Warm water and Handwash liquid. My optician claims washing up liquid removes the varnish off the frames.

Another Dave

Reply to
Another Dave

Hmm, methinks your optician is worried about losing sales of cleaning fluid.

Tim

Reply to
Tim+

I believe that it's meths. Thats what I refilled mine with. It works and it hasn't damaged the coating on my plastic lenses in over a year of use.

Jonathan

Reply to
Jonathan

Many years ago, a former optician of mine (now sadly dead) recommended holding your specs in the steam from a dishwasher at the end of a wash cycle, and then wiping them with a clean tissue. Works a treat!

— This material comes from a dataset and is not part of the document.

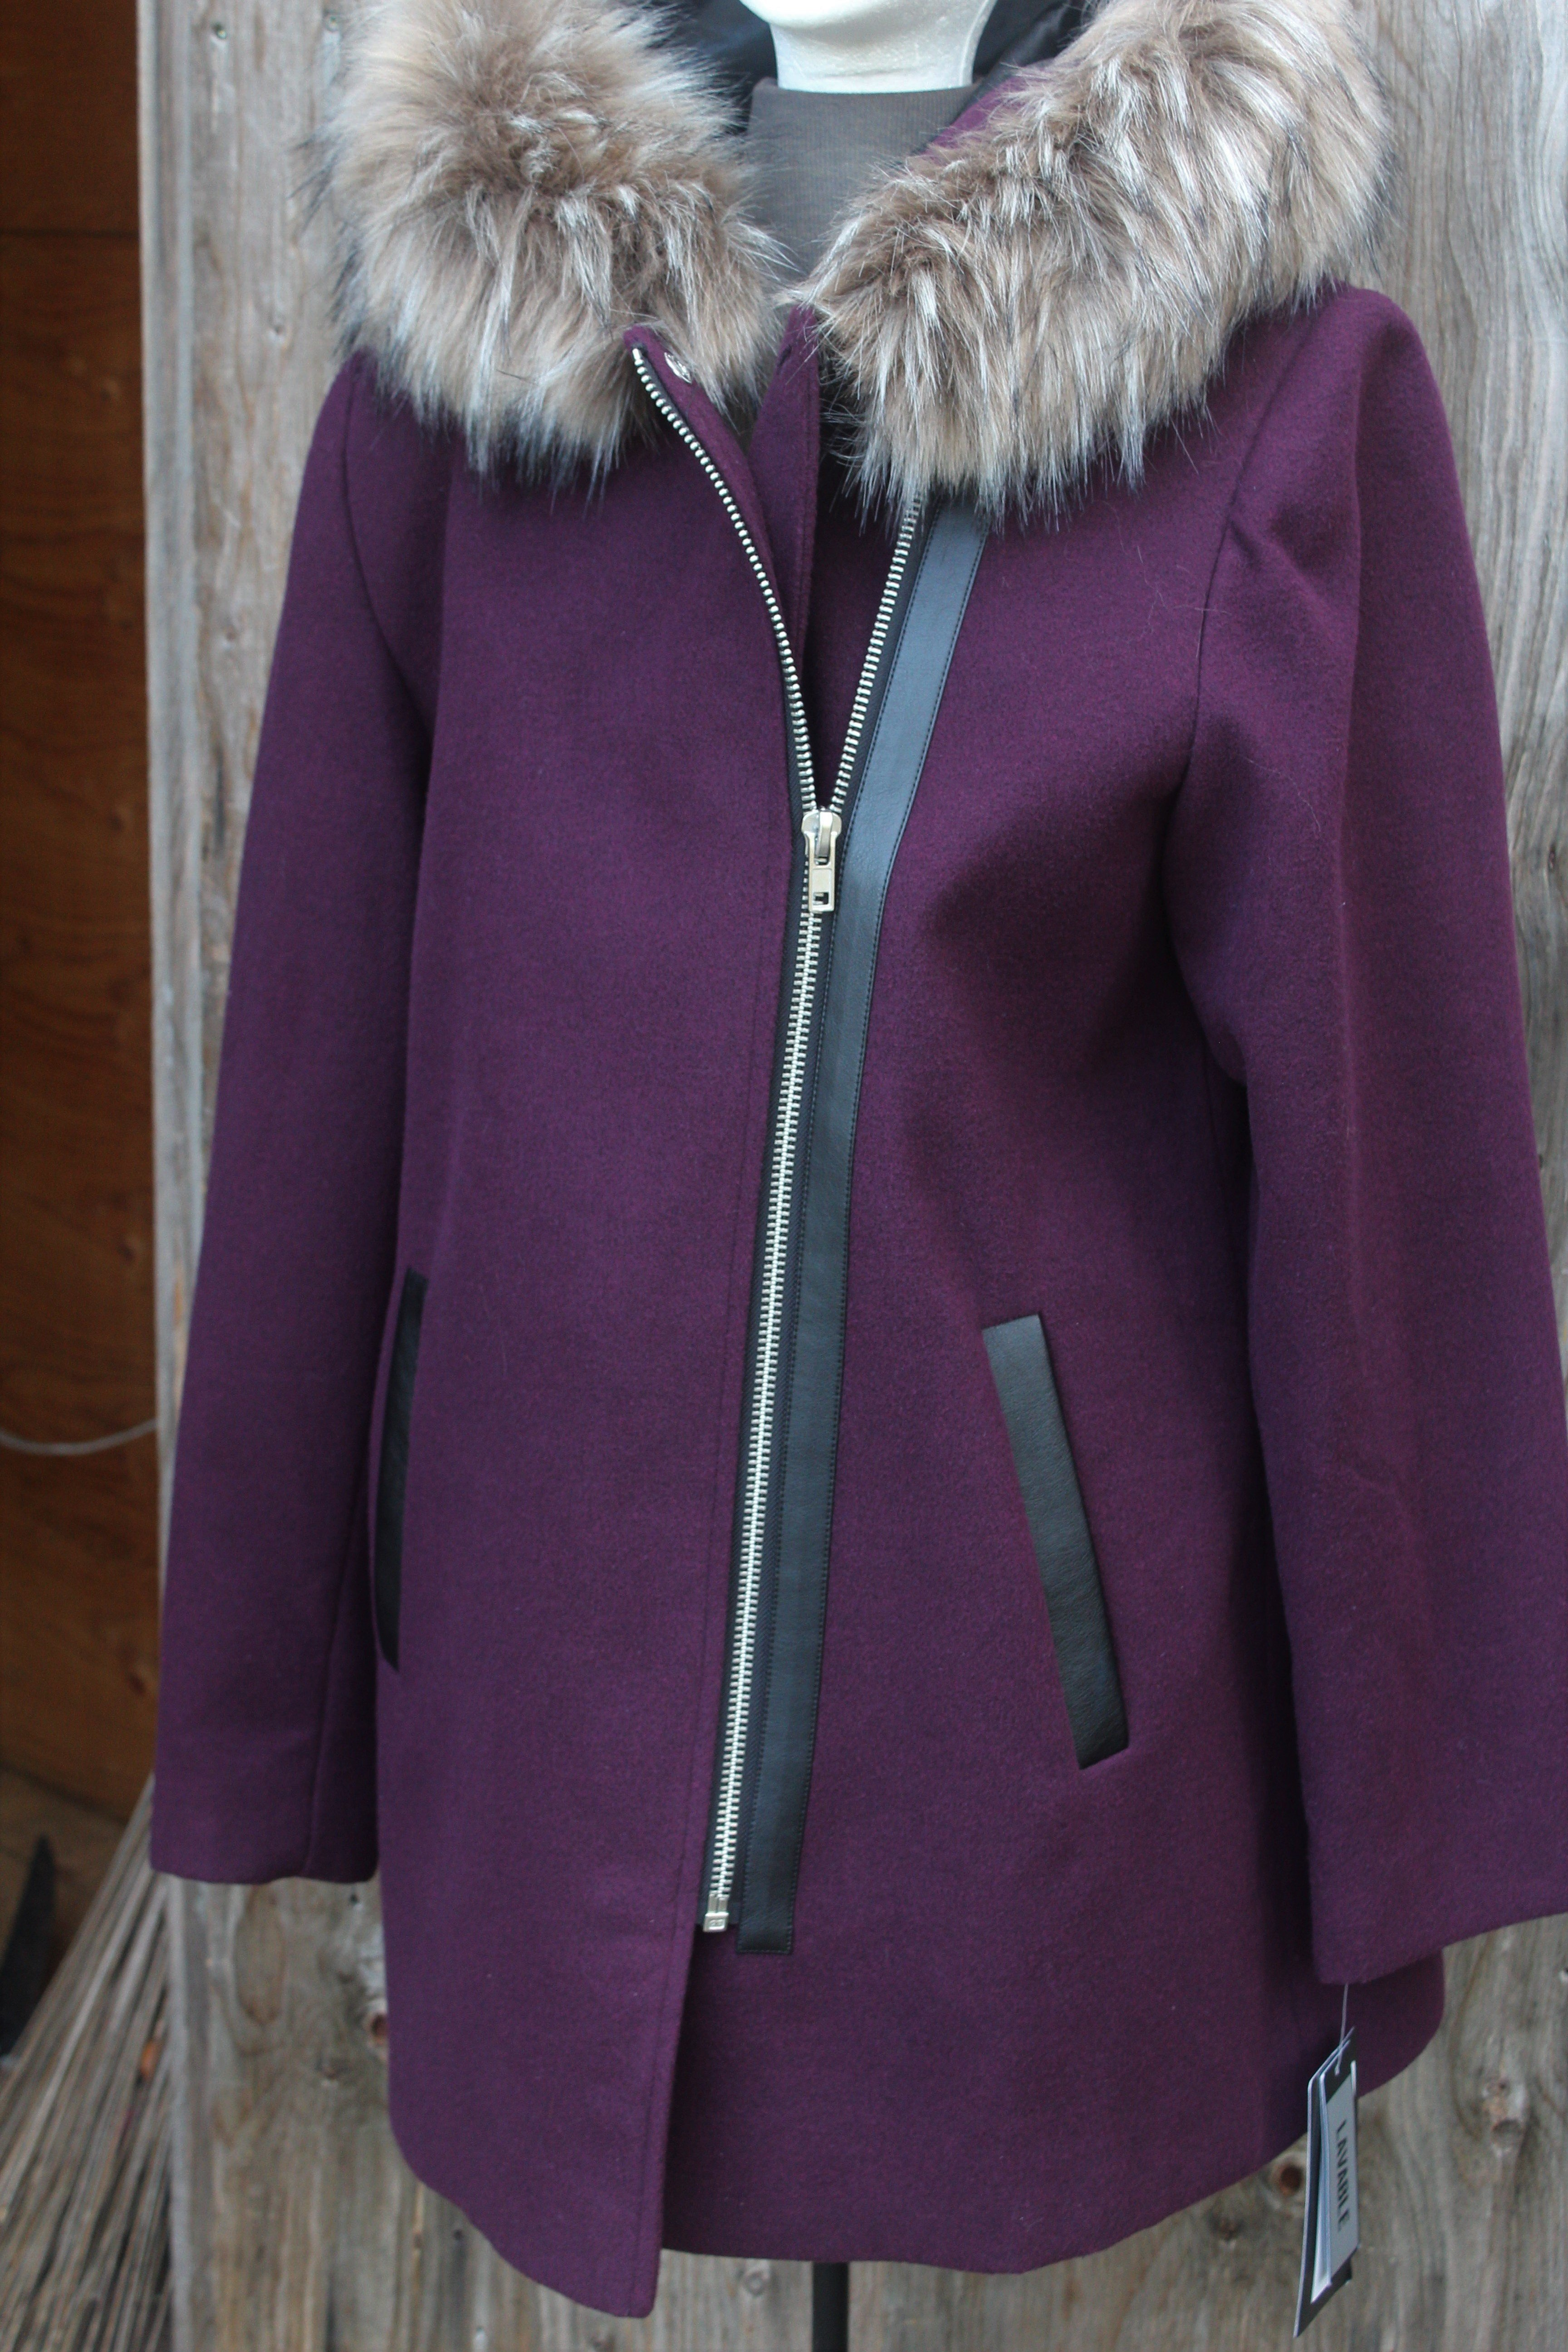 Merlot- $200.00 Niccolini: Style #A1013PM

Otherwise, we use spectacle wipes from Aldi. If you line all your specs up, you can clean several pairs with one tissue as long as you don't hang about - 'cos the tissue soon dries out.

Reply to
Roger Mills

Thats what we used in submarines to clean the periscope and binocular lenses. Can't be bettered, particularly as the gin was duty free.

Reply to
Old Git

on 28/01/2016, R D S supposed :

.. but not much worse!

Handsoaps often often contain lanolin etc. so they leave an oily film on a lens. I find Fairy better.

Reply to
Harry Bloomfield

Yip. Dead cheap and they work very well. They also get muck off keyboards - the plastic surrounding the keys that is.